### [Data below]
__________

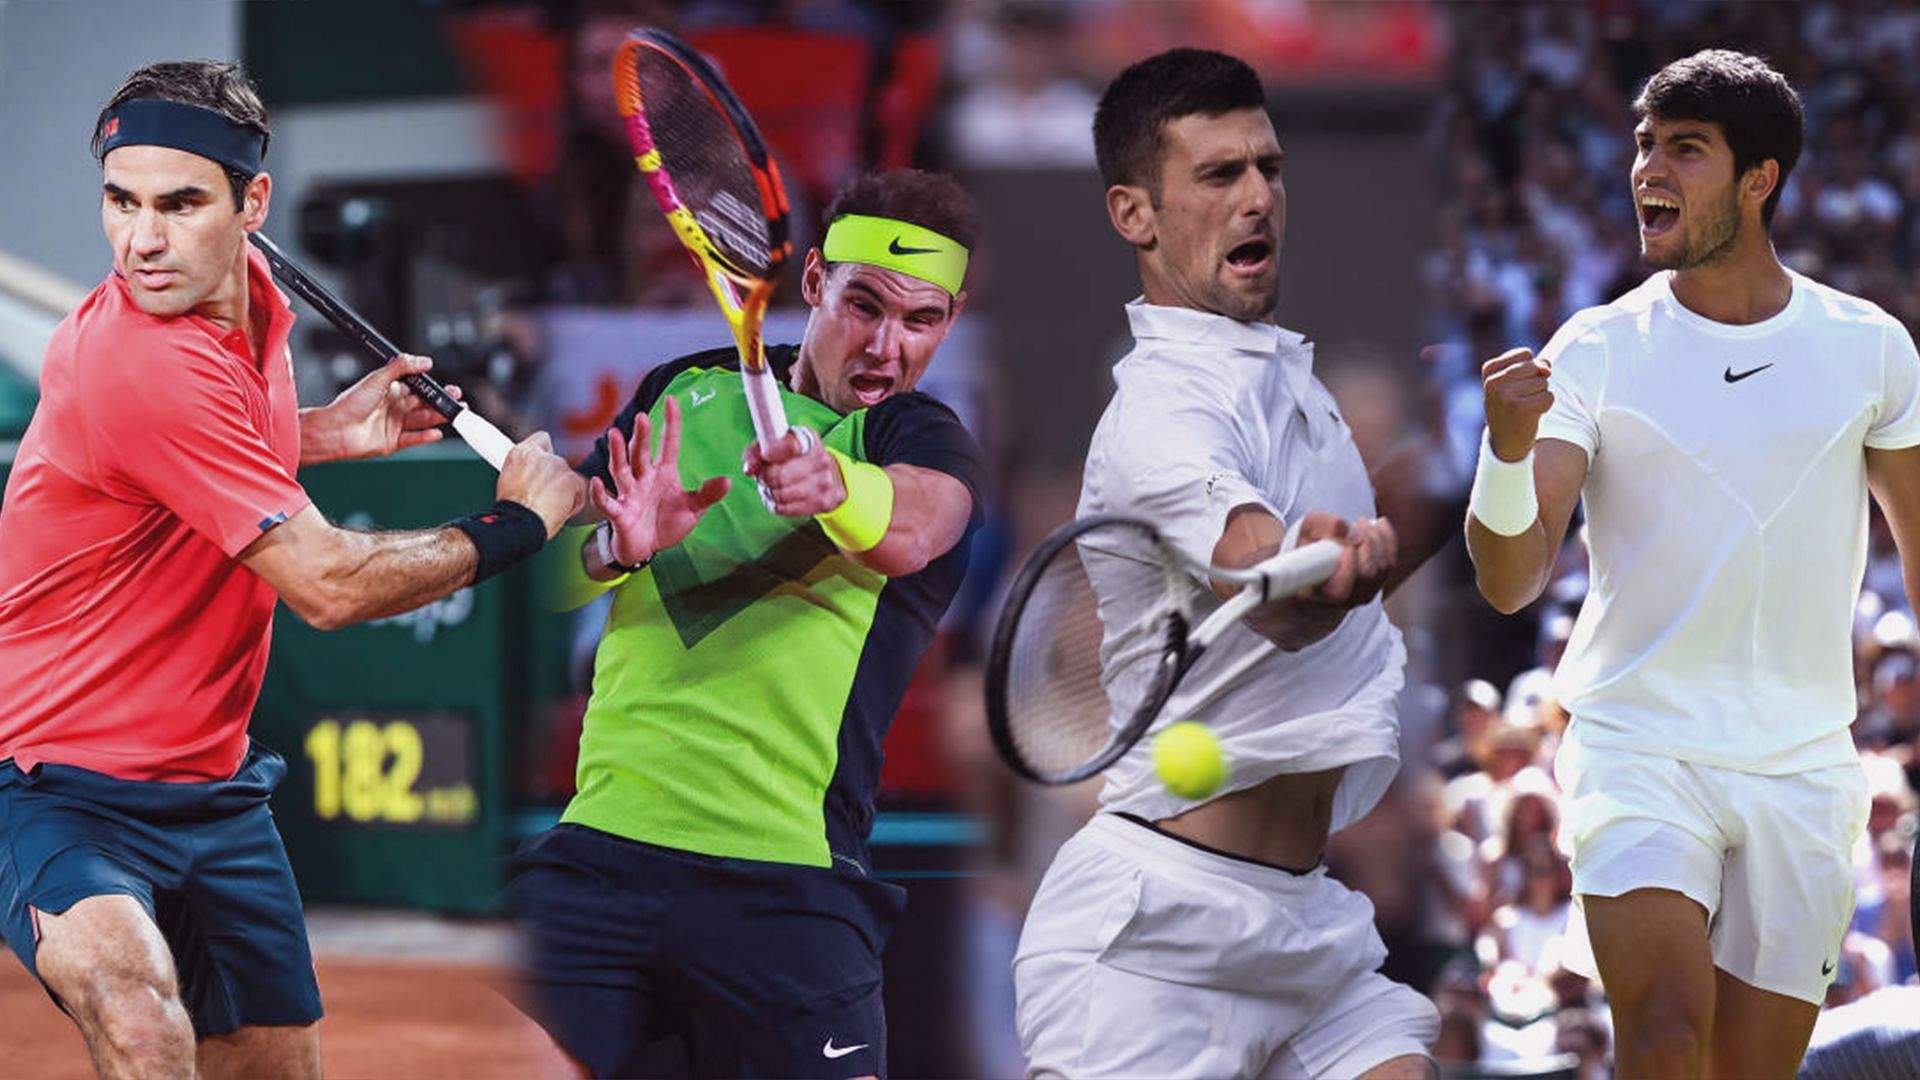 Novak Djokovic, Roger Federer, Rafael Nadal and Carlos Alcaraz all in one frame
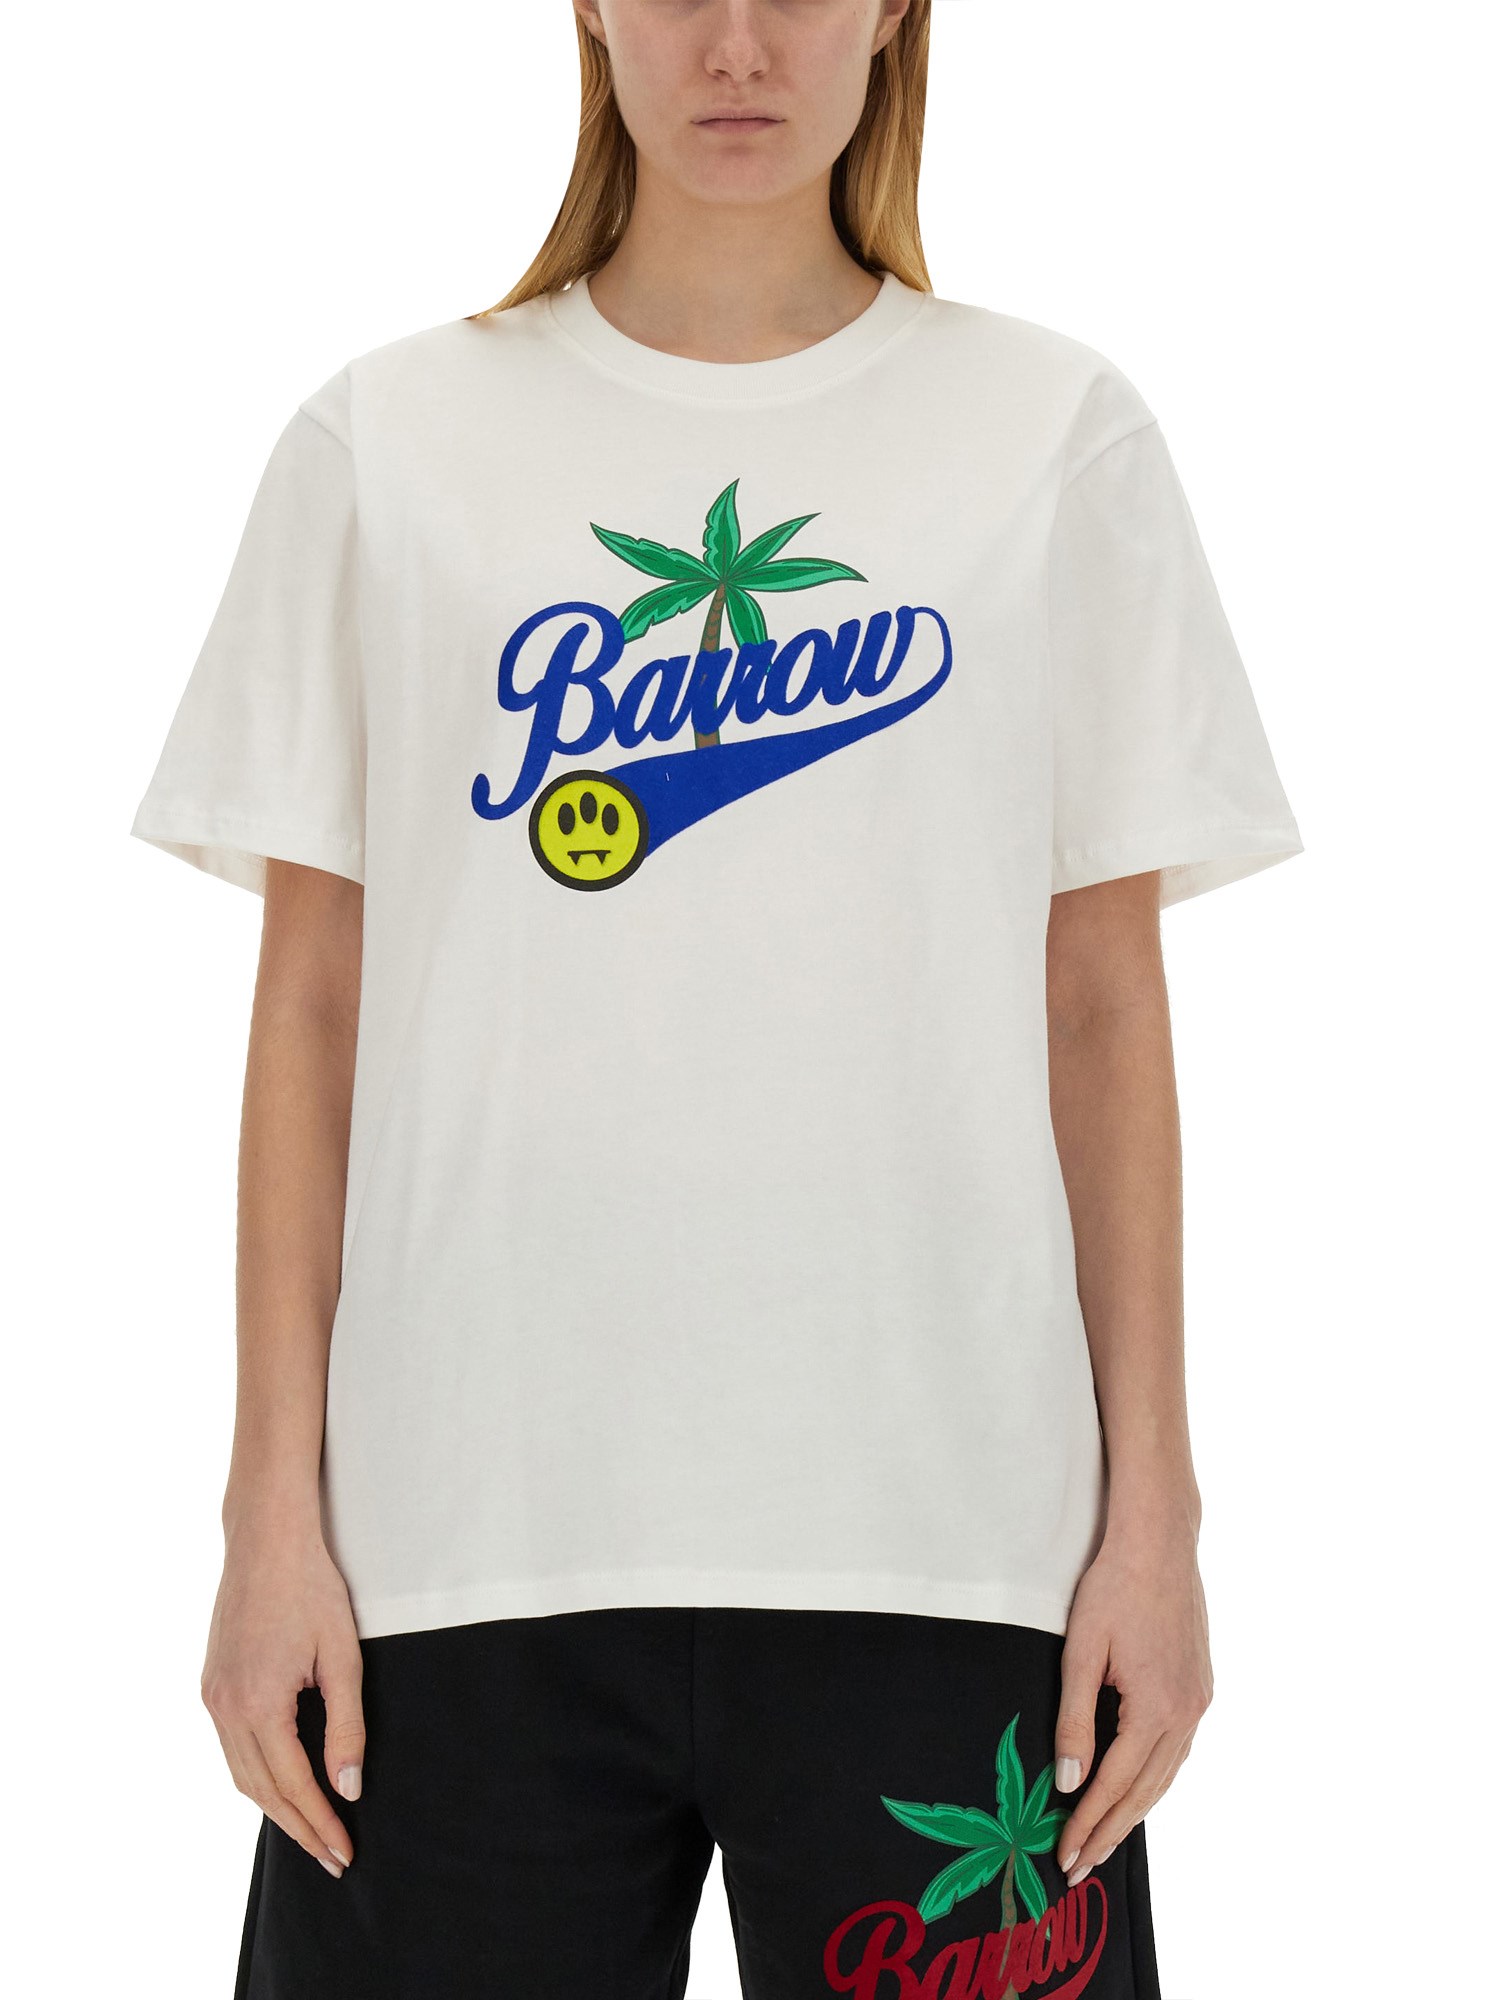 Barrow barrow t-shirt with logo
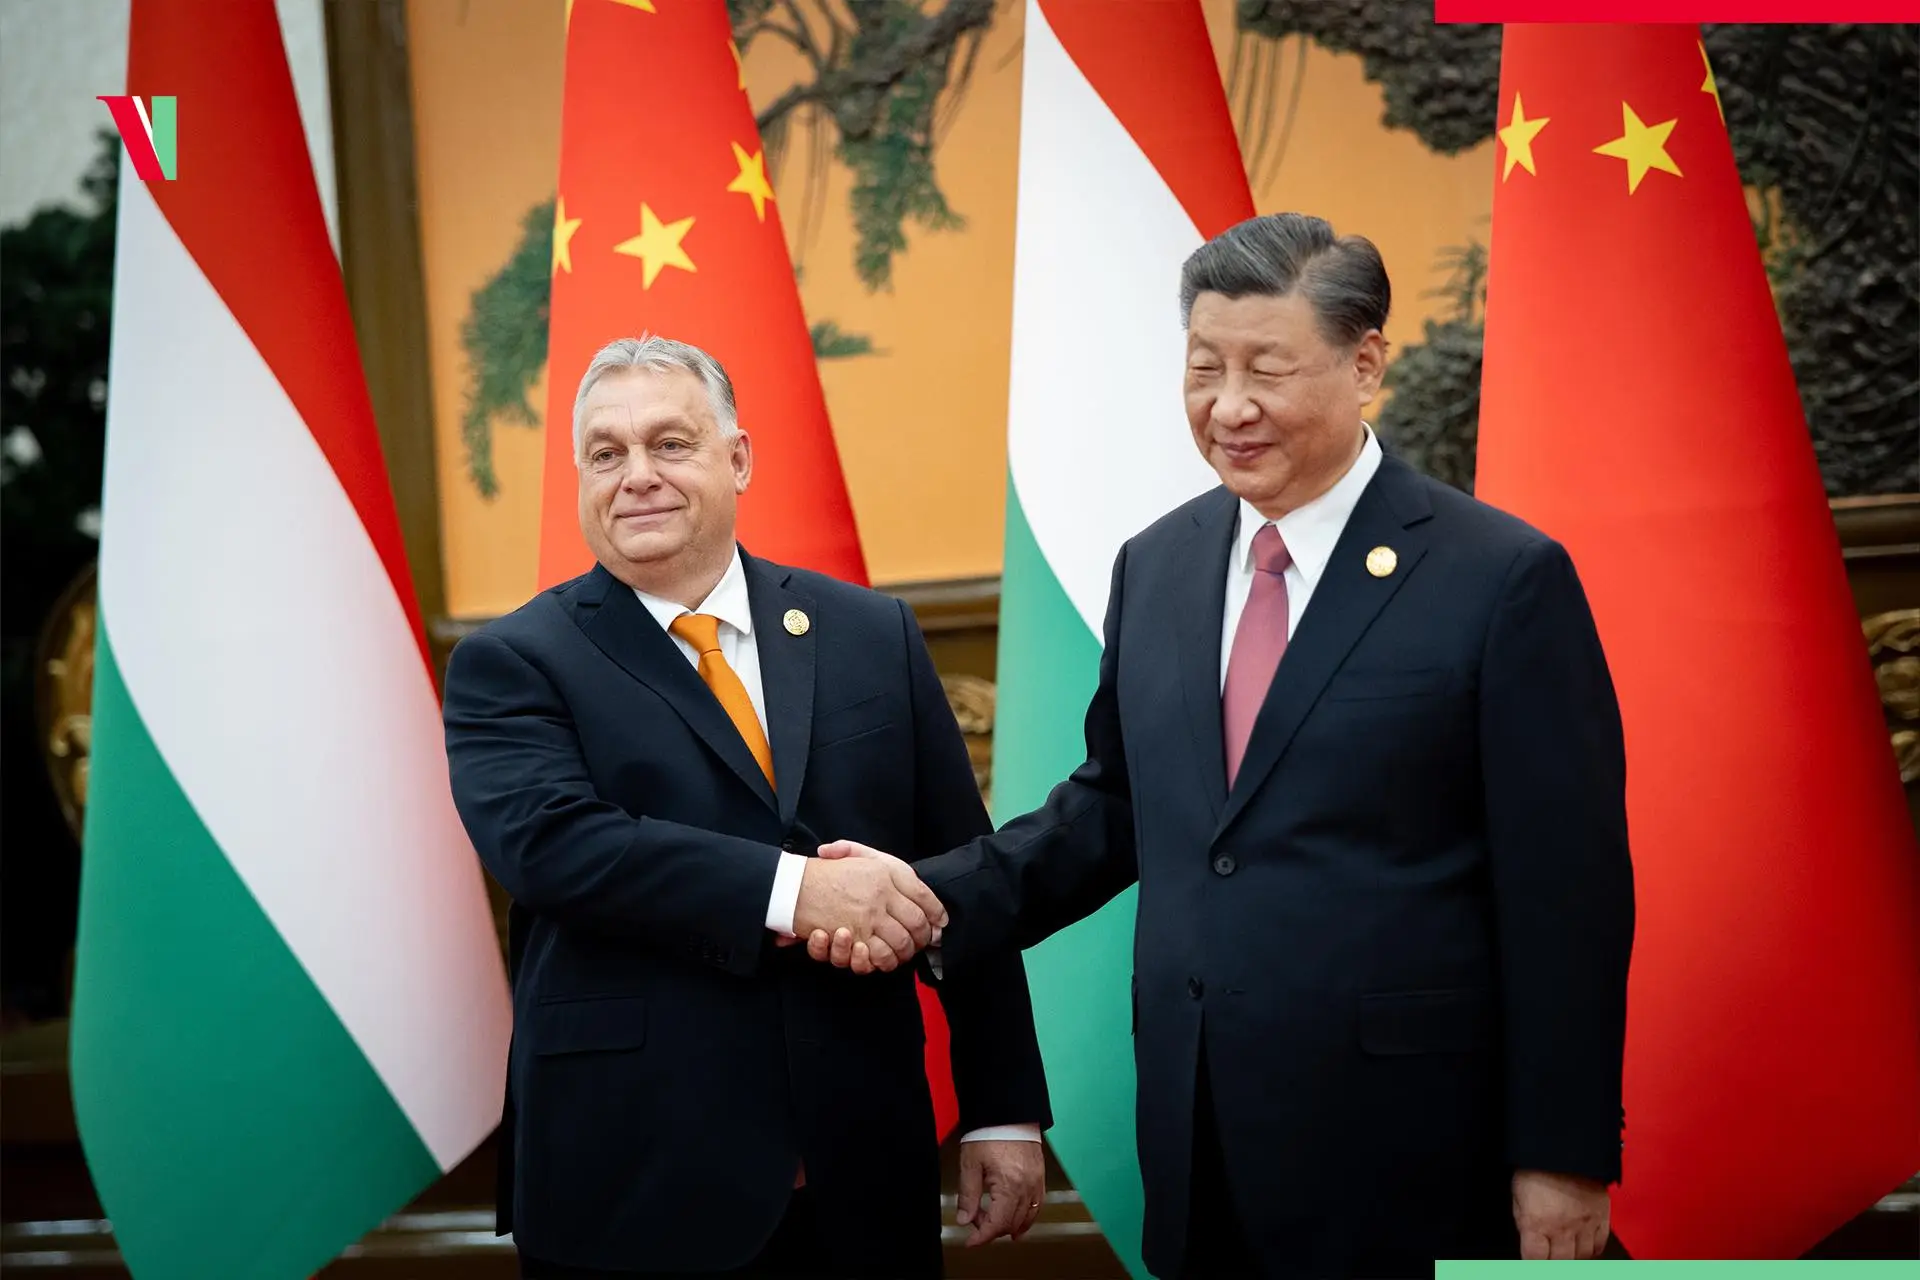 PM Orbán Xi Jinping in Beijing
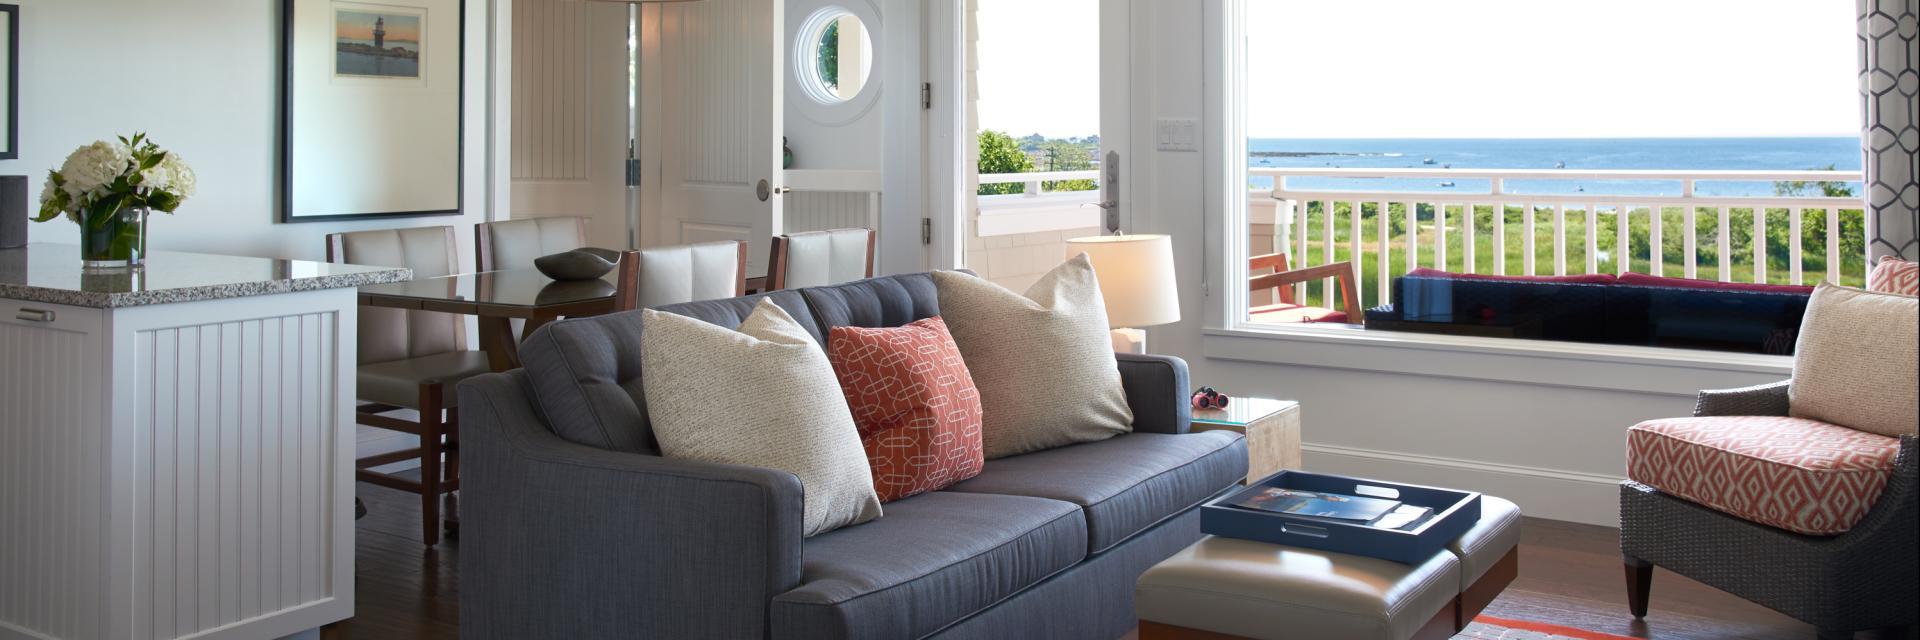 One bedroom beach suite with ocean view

__________

### [Action item]
Recopy the full listing exactly, passing over any picture.

### [Answer to this problem]
 Novak Djokovic, Roger Federer, Rafael Nadal and Carlos Alcaraz all in one frame
 Barrow barrow t-shirt with logo
 PM Orbán Xi Jinping in Beijing
 One bedroom beach suite with ocean view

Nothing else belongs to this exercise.